Create the problem object, include the linear constraints, and solve the problem.

```linprob = optimproblem('Objective',0.002614*x('HPS') + 0.0239*x('PP') + 0.009825*x('EP')); linprob.Constraints.cons1 = x('I1') - x('HE1') <= 132000; linprob.Constraints.cons2 = x('EP') + x('PP') >= 12000; linprob.Constraints.cons3 = x('P1') + x('P2') + x('PP') >= 24550; linprob.Constraints.econs1 = x('LE2') + x('HE2') == x('I2'); linprob.Constraints.econs2 = x('LE1') + x('LE2') + x('BF2') == x('LPS'); linprob.Constraints.econs3 = x('I1') + x('I2') + x('BF1') == x('HPS'); linprob.Constraints.econs4 = x('C') + x('MPS') + x('LPS') == x('HPS'); linprob.Constraints.econs5 = x('LE1') + x('HE1') + x('C') == x('I1'); linprob.Constraints.econs6 = x('HE1') + x('HE2') + x('BF1') == x('BF2') + x('MPS'); linprob.Constraints.econs7 = 1267.8*x('HE1') + 1251.4*x('LE1') + 192*x('C') + 3413*x('P1') == 1359.8*x('I1'); linprob.Constraints.econs8 = 1267.8*x('HE2') + 1251.4*x('LE2') + 3413*x('P2') == 1359.8*x('I2'); [linsol,fval] = solve(linprob);```
`Optimal solution found.`

#### Examine Indexed Solution

Examine the solution as a vertical table.

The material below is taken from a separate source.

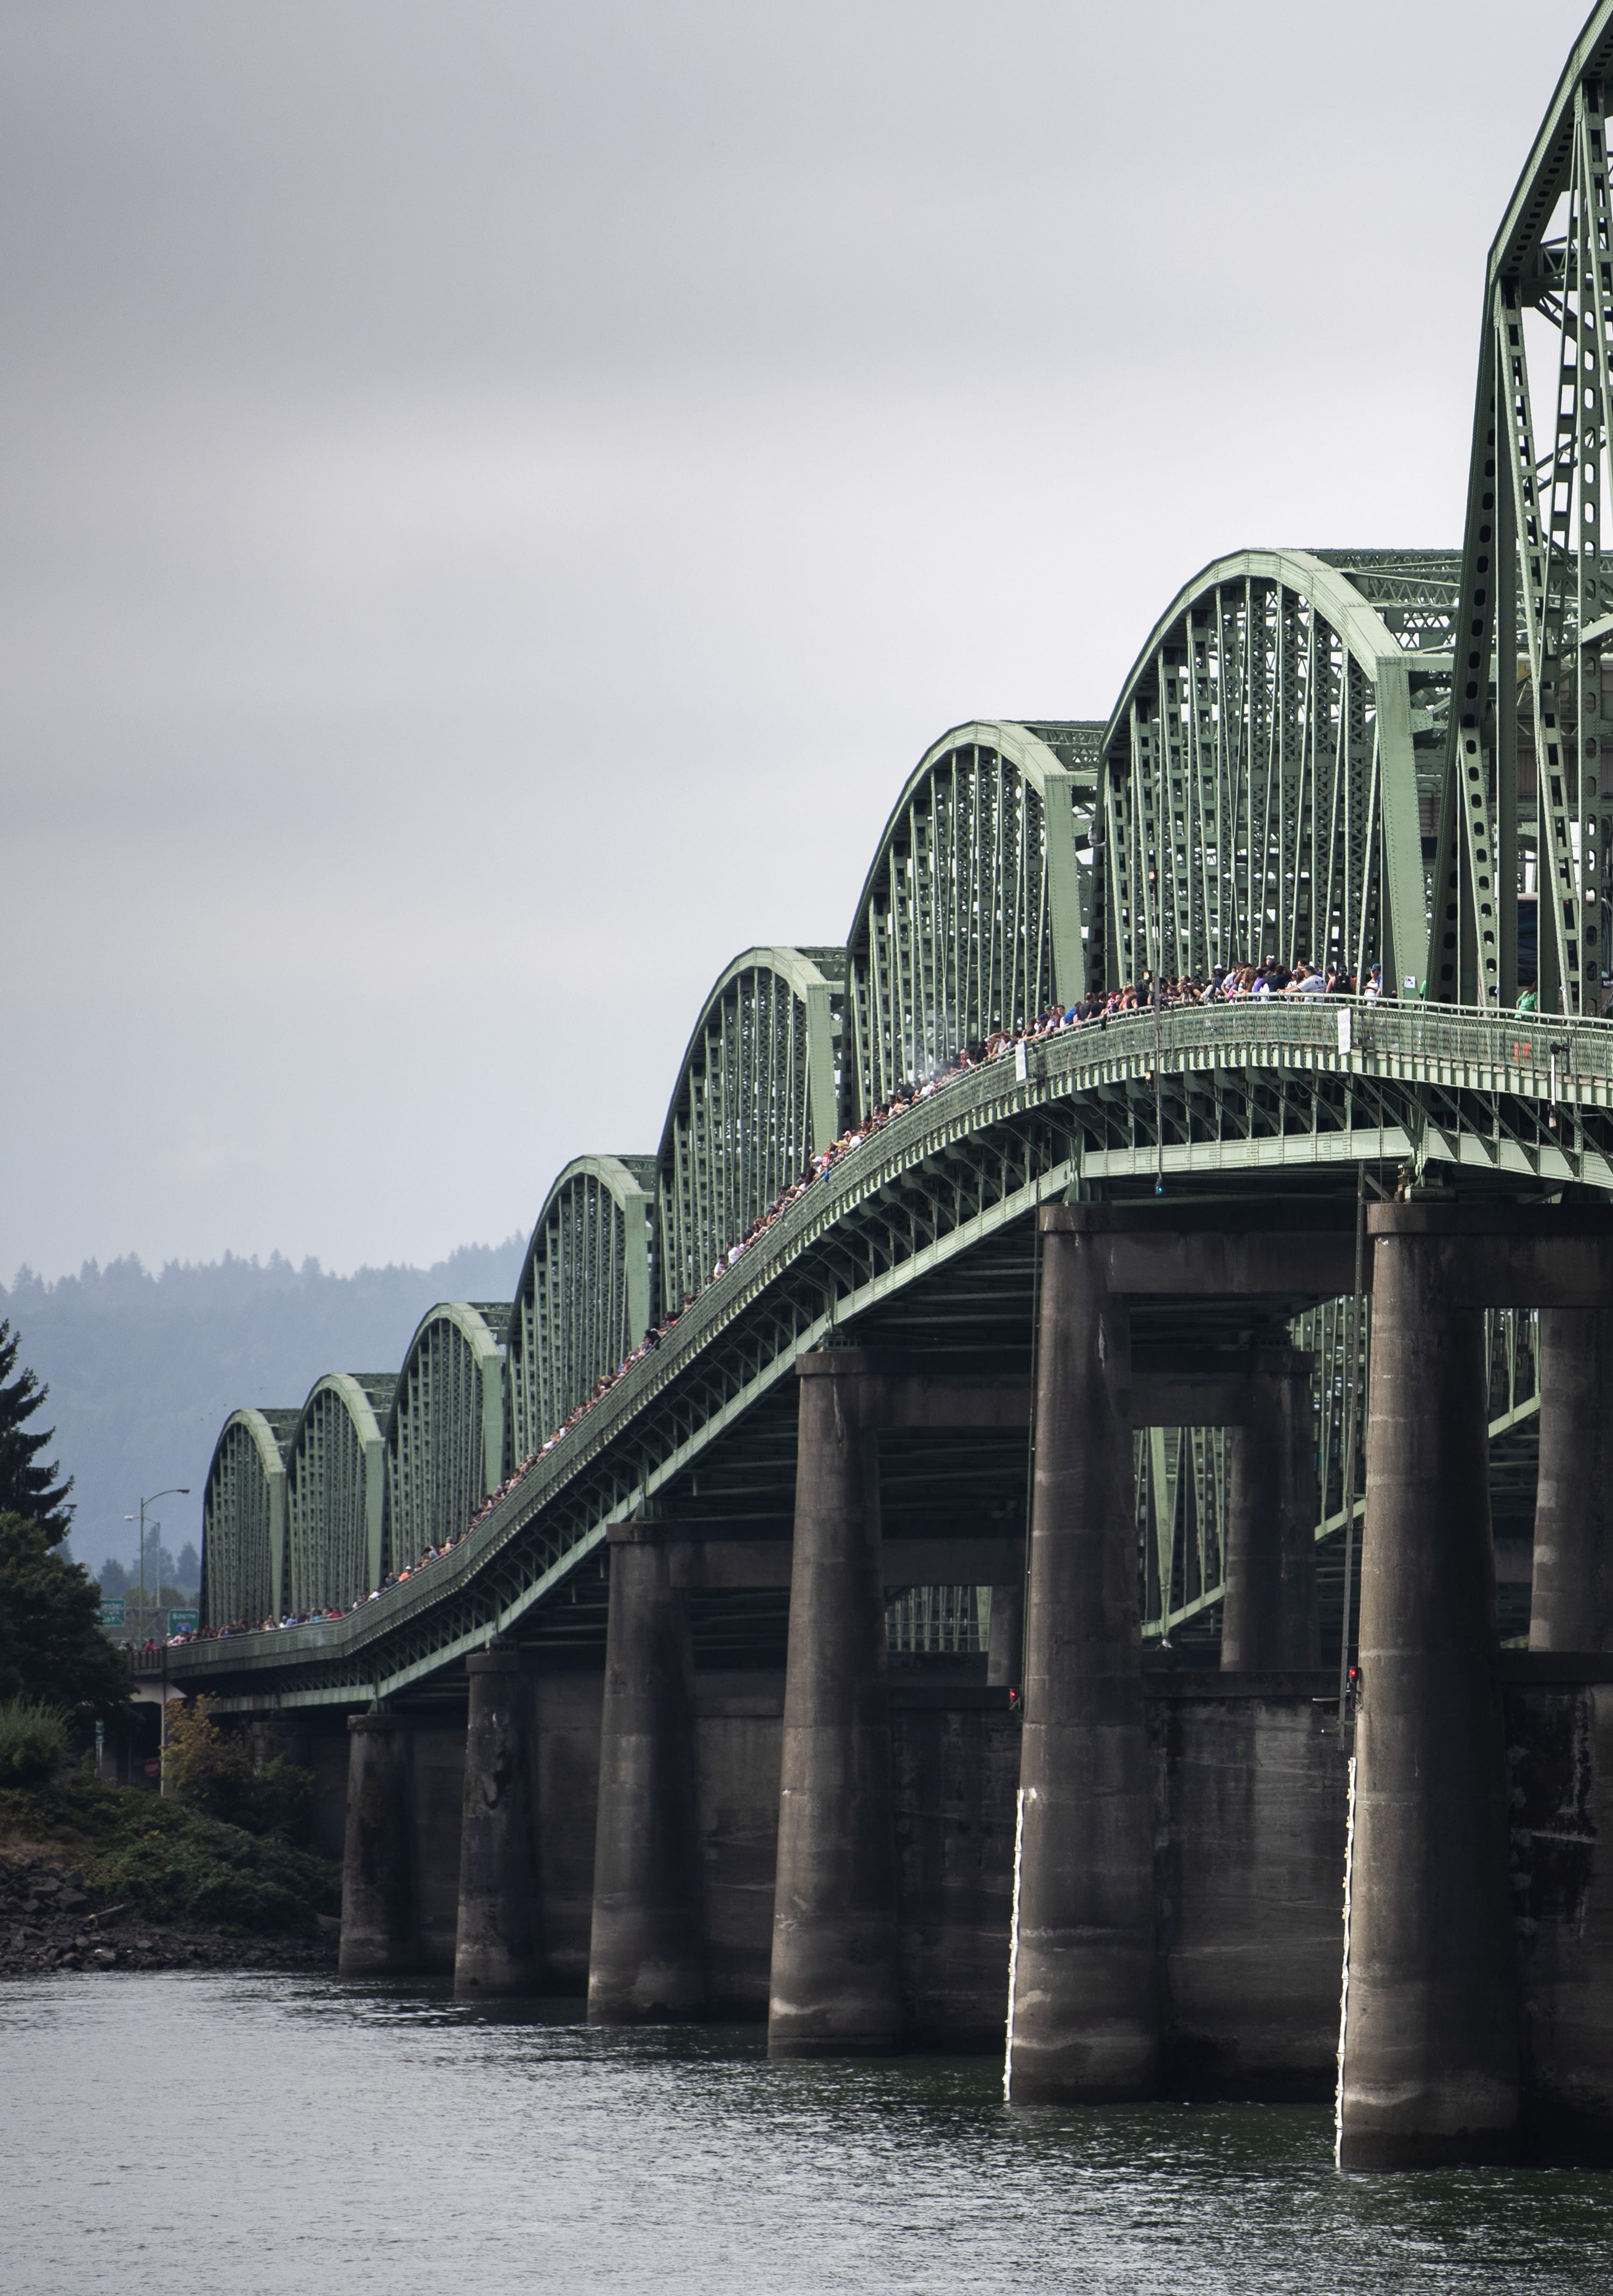 Attendees make their way across the I-5 bridge to meet people walking from the Oregon side during the Hands Across the Bridge event on Monday, September 2, 2019. This day marked the 19th anniversary of the event, in which people in recovery come together to share their stories and celebrate sobriety. More than 900 people from the Washington side of the Columbia River walked out onto the bridge to meet the attendees walking from the Oregon side.
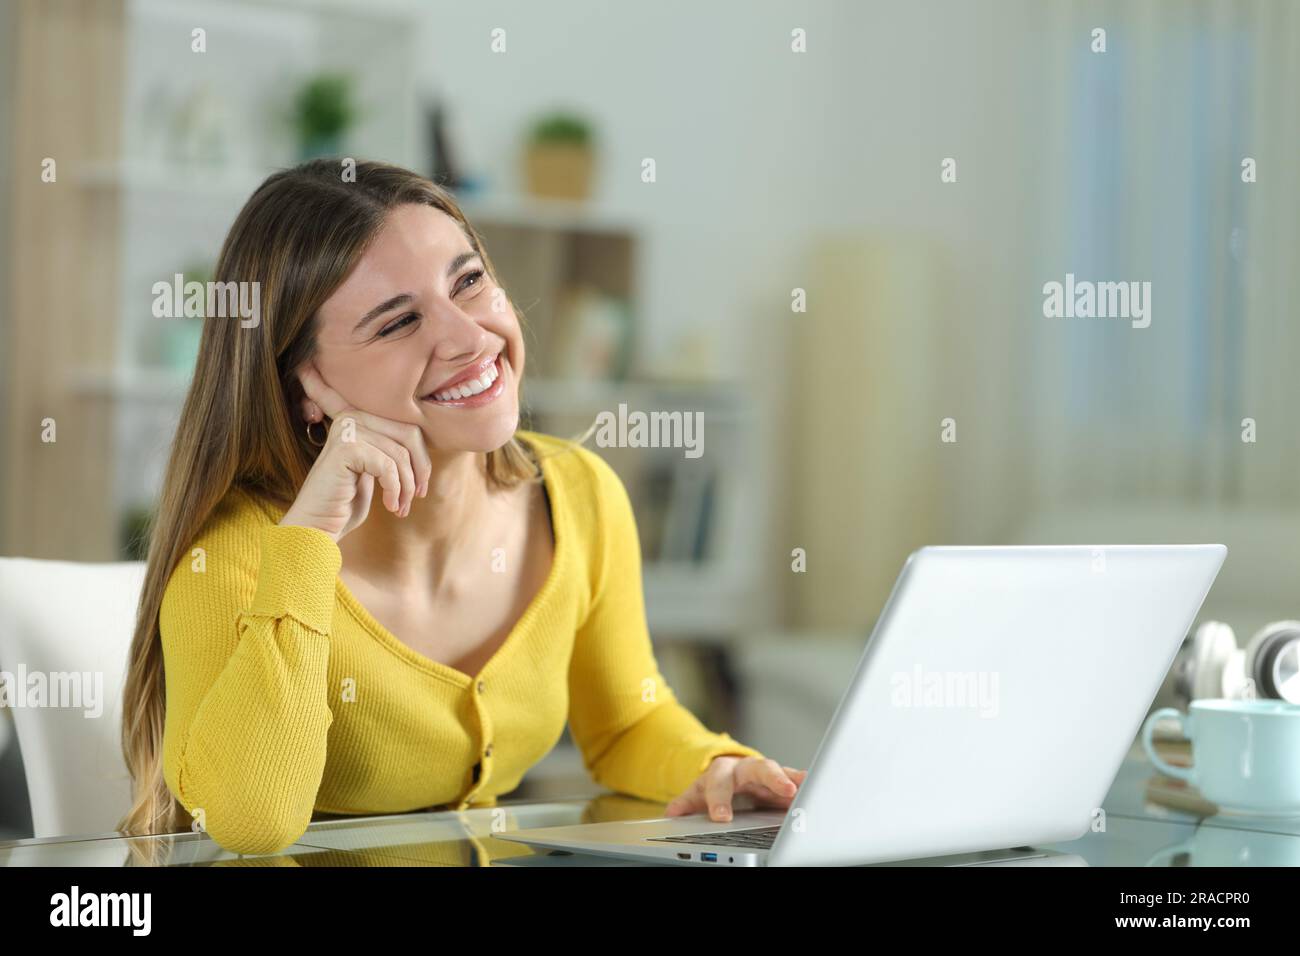 Happy woman at home dreaming looking above with a laptop Stock Photo

`tbl = table(vars',linsol.x')`
```tbl = 16×2 table Var1 Var2 _____ __________ 'P1' 6250 'P2' 7060.7 'I1' 1.3633e+05 'I2' 2.44e+05 'C' 8169.7 'LE1' 0 'LE2' 1.0062e+05 'HE1' 1.2816e+05 'HE2' 1.4338e+05 'HPS' 3.8033e+05 'MPS' 2.7154e+05 'LPS' 1.0062e+05 'BF1' 0 'BF2' 0 'EP' 760.71 'PP' 11239```

### Bibliography

 Edgar, Thomas F., and David M. Himmelblau. Optimization of Chemical Processes. New York: McGraw-Hill, 1987.